Pollsters Predict Razor-Thin Margin in Presidential Race
As the presidential race comes down to the wire, both Sen. John McCain, D-Ariz., and Sen. Barack Obama, D-Ill., will literally be counting on every single vote. Pollsters predict that the popular vote count between the two candidates will be razor thin in this historic race, as it was in the previous two presidential elections. With the voter registration deadline for the District less than two weeks away, political groups are pushing to get the 17 percent of adult residents who are not yet registered to vote.
Washington has an estimated 466,000 residents who are of voting age, according to U.S. Census Bureau. The D.C. Board of Elections and Ethics reports that 388,127 voters were registered, as of Aug. 11, for the upcoming general election in which the ballot not only counts the historic presidential race but also local races. This year’s number of registered voters is about 20,000 higher than 2004’s election total for the same time frame. “We have council races in four wards,” said Dan Murphy, public information officer for D.C.’s election board. “There will be local races for congressional seats and for the city’s various Advisory Neighborhood Commissioners as well.” (Click here for election results for the Sept. 9 local primaries.)
The District’s deadline to vote in the Nov. 4 general election is Oct. 6. Murphy says that the easiest way to register before that deadline is online at http://www.dcboee.org. Each state has its own voter registration deadline dates. Voters casting ballots outside of the District must check with their state’s respective board of elections.
On the Web site for D.C.’s election board, voters are able to handle not only voter registration-related matters but also find other invaluable information such as locations of polling places, as well as election and candidate information. To be counted on the final voter rolls, simply registering online isn’t sufficient. A copy of the registration must be printed, signed and mailed in as well. Murphy says that federal law requires original signatures. According to the board of elections, a resident must be at least 18 years of age by Nov. 4 and a U.S. citizen to register to vote in Washington. Mail-in voter registration forms are available at public buildings such as libraries and community centers. Residents can also register in person at the board’s office at 441 4th St. N.W., Suite 250 North.

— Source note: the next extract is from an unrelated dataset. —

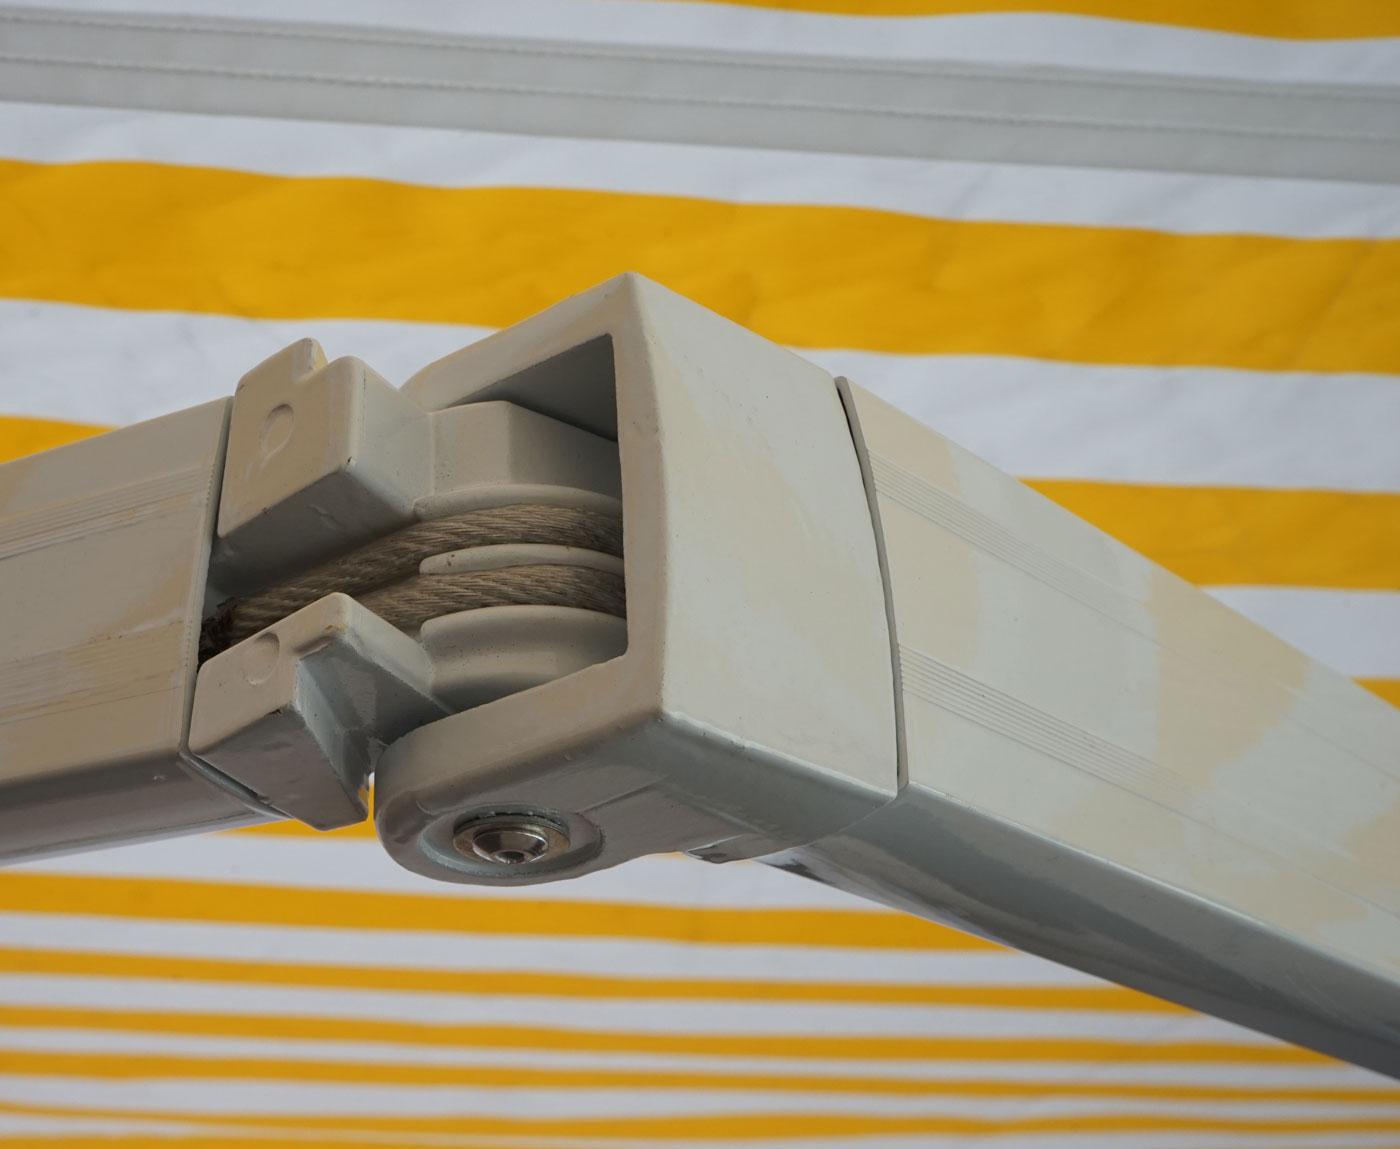 12m UA-Profil 100mm 4 Stab je 3m Aussteifungsprofil Ständerprofil Tür Profil

Registered voters who are legitimately unable to make it to a polling station at election can request an absentee ballot. “You can request an absentee ballot on our Web site or send a letter requesting one,” Murphy said. “The last day to request a ballot is Tuesday, Oct. 28.” The deadline for in-person absentee voting is 4:45 p.m. on Nov. 3, the day before election day. Registered voters do not need to re-register unless pertinent information has changed since the last election such party affiliation, address or name. Murphy shares that most voters do not need an ID to vote in D.C. on election day. Only a signature, which will be verified, is required. A false signature will be met with a perjury charge, he said.
Federal law requires identification for first-time voters and voters who mailed in their registration. Examples of an acceptable identification at polling places include valid photo identification or a copy of a current utility bill, bank statement, paycheck stub or some other government document that confirms the voter’s name and address. “Voters that have not participated in previous elections may have fell off the active list of voters,” Murphy said. “An extra step is required when you get there.” Rev. Lennox Yearwood, president of the non-profit Hip Hop Caucus, is spearheading a voter registration campaign aimed at the hundreds of thousands of ex-felons and non-college educated young adults who are not registered. Much like Sean “Diddy” Comb’s high-profile 2004 “Vote or Die” campaign, which Yearwood helped organize, his “Respect My Vote” campaign is also using a public figure to get the word out about the importance of registering. This time, rap superstar T.I. is the face of the campaign. The reverend wants ex-felons to know that they are not barred from voting in Washington. Swing states Virginia, Nevada, Florida and 10 others have laws that bar their citizens with felony records from voting. “This is not the case in some states like Virginia, unfortunately, but many citizens that have felonies on their records are able to in D.C. and Maryland,” Yearwood said. He, too, urges voters to go online to register. His organization set up a link on its Web site, http://www.hiphopcaucus.org, where people can register. The Hip Hop Caucus not only delivers applications to local boards of elections, but it also automatically reminds registrants to vote. “We follow up with them,” Yearwood said. “That’s our job. We follow up with them to make sure they made it on the voter rolls. We remind them using text, emails, whatever it take to ensure voter turnout.”